Usability-Methoden: „Klassiker“ dominieren (noch) – innovative Methoden sind im Kommen!

Im eResult-Newsletter vom Juni 2006 haben wir unseren Abonnenten folgende Frage gestellt: „Welche Usability-Methoden und Erhebungsverfahren setzen Sie im Rahmen Ihrer Projekte ein?“ Die Ergebnisse sind zum Teil „erwartungskonform“, bieten aber auch einige Überraschungen…

Bei den Erhebungsverfahren gab es einen eindeutigen „Gewinner“: Blickverlaufsmessungen werden am häufigsten eingesetzt.
60% sind mit diesem Erhebungsverfahren vertraut!

Überraschend: Gruppendiskussionen / Fokusgruppen kommen fast in jedem zweiten Projekt zum Einsatz (46%).
Tiefeninterviews weisen dagegen eine geringe Bedeutung auf: Nur 15% sind mit diesem Verfahren vertraut bzw. haben bereits Tiefenintervies durchgeführt / dürchführen lassen.

Im Rahmen der permanenten Erfolgskontrolle wird vor allem das Klickverhalten gemessen (User-Tracking, Web-Analytic):
47% der befragten Personen erfassen die Surfpfade ihrer Site-Besucher.

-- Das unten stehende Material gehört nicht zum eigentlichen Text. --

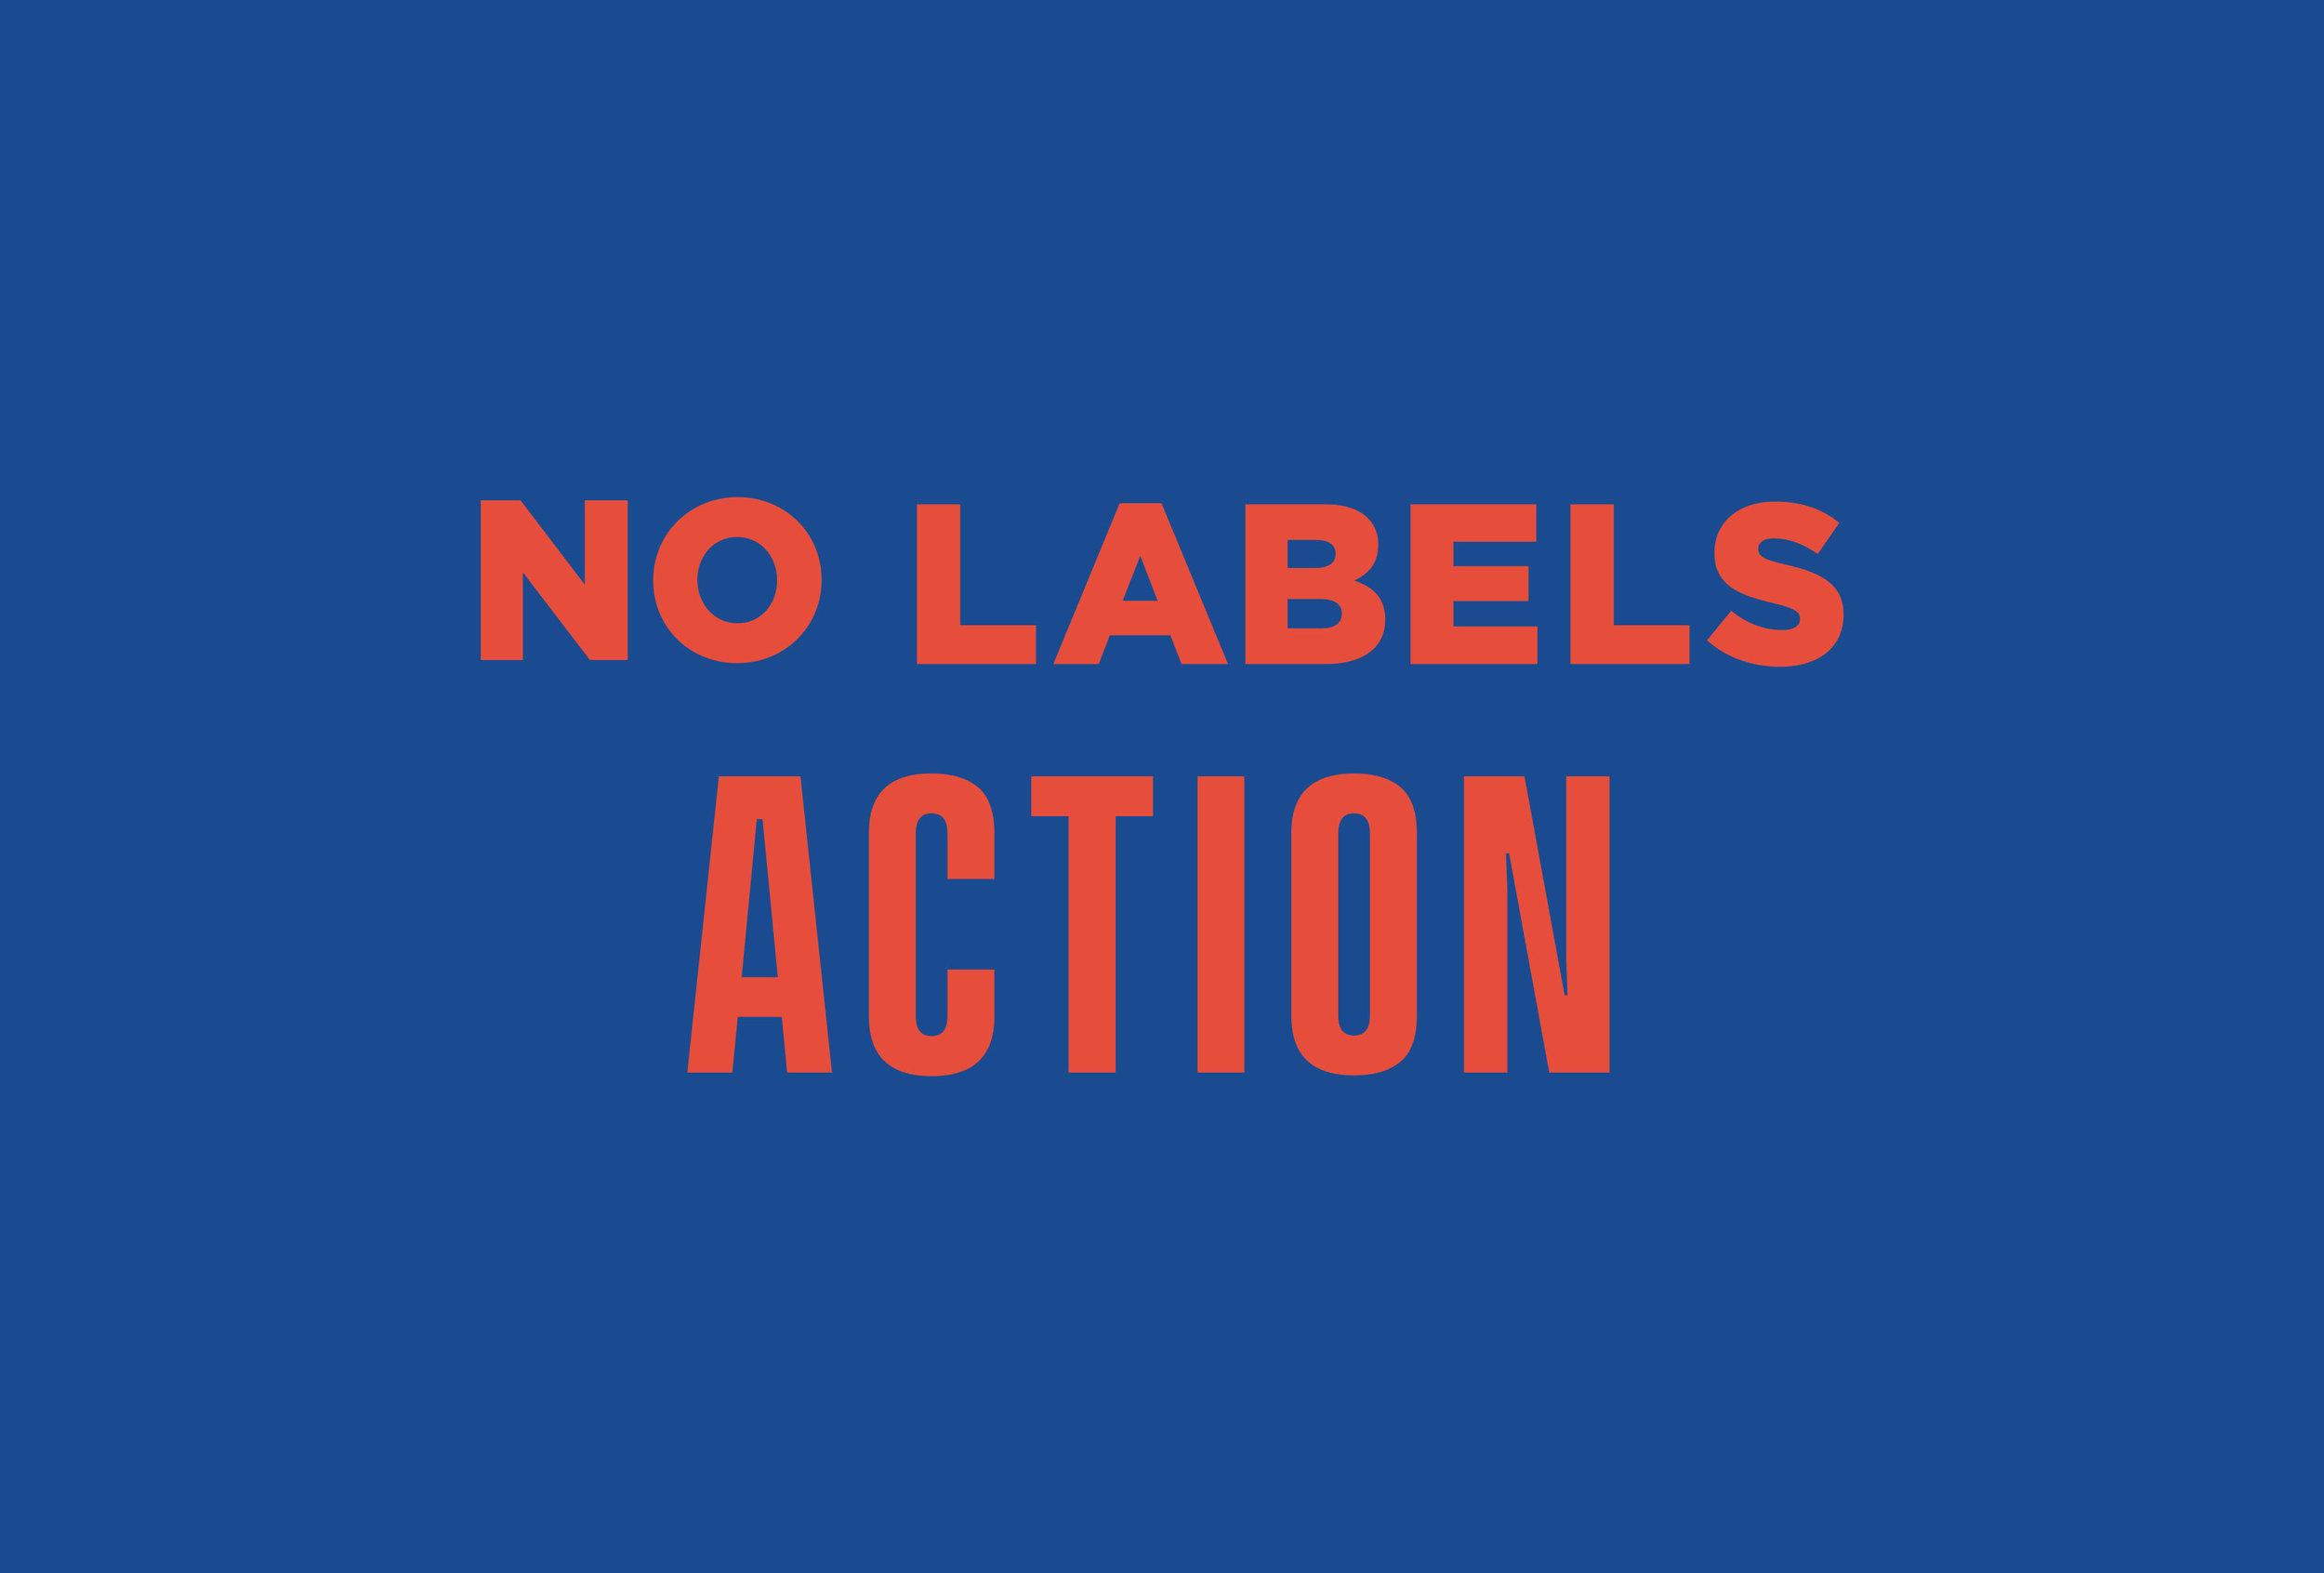 James-Rivas_No-Labels-Action_7.jpg

Bereits 40% befragen ihre Site-Besucher, vorzugsweise mit Hilfe sog. Onsite-Befragungen.

Bei den Usability-Methoden halten sich experten- und nutzerbasierte Methoden die Waage: 45% haben Erfahrungen mit szenariobasierten Nutzertests im Usability-Lab, eine expertenbasierte Usability-Evaluation haben 41% durchgeführt bzw. in Auftrag gegeben.
Interessant: Immerhin 24% sind mit taskbasierten Online Usability-Tests (remote testing) vertraut, einer Methode, die erst in jüngster Zeit zum Einsatz kommt.

Relevanz und Verbreitung weiterer Methoden im Überblick:

  • 41% führen Design-/Konzepttests durch.
  • 27% haben Erfahrungen mit dem sog. Card Sorting.
  • 24% führen Text- / Content-Analysen durch.

Ergebnisse basieren auf einer eResult-Umfrage (Juni 2006, Teilnehmer: 83 – mit Methoden- erfahrungen, N=3.620).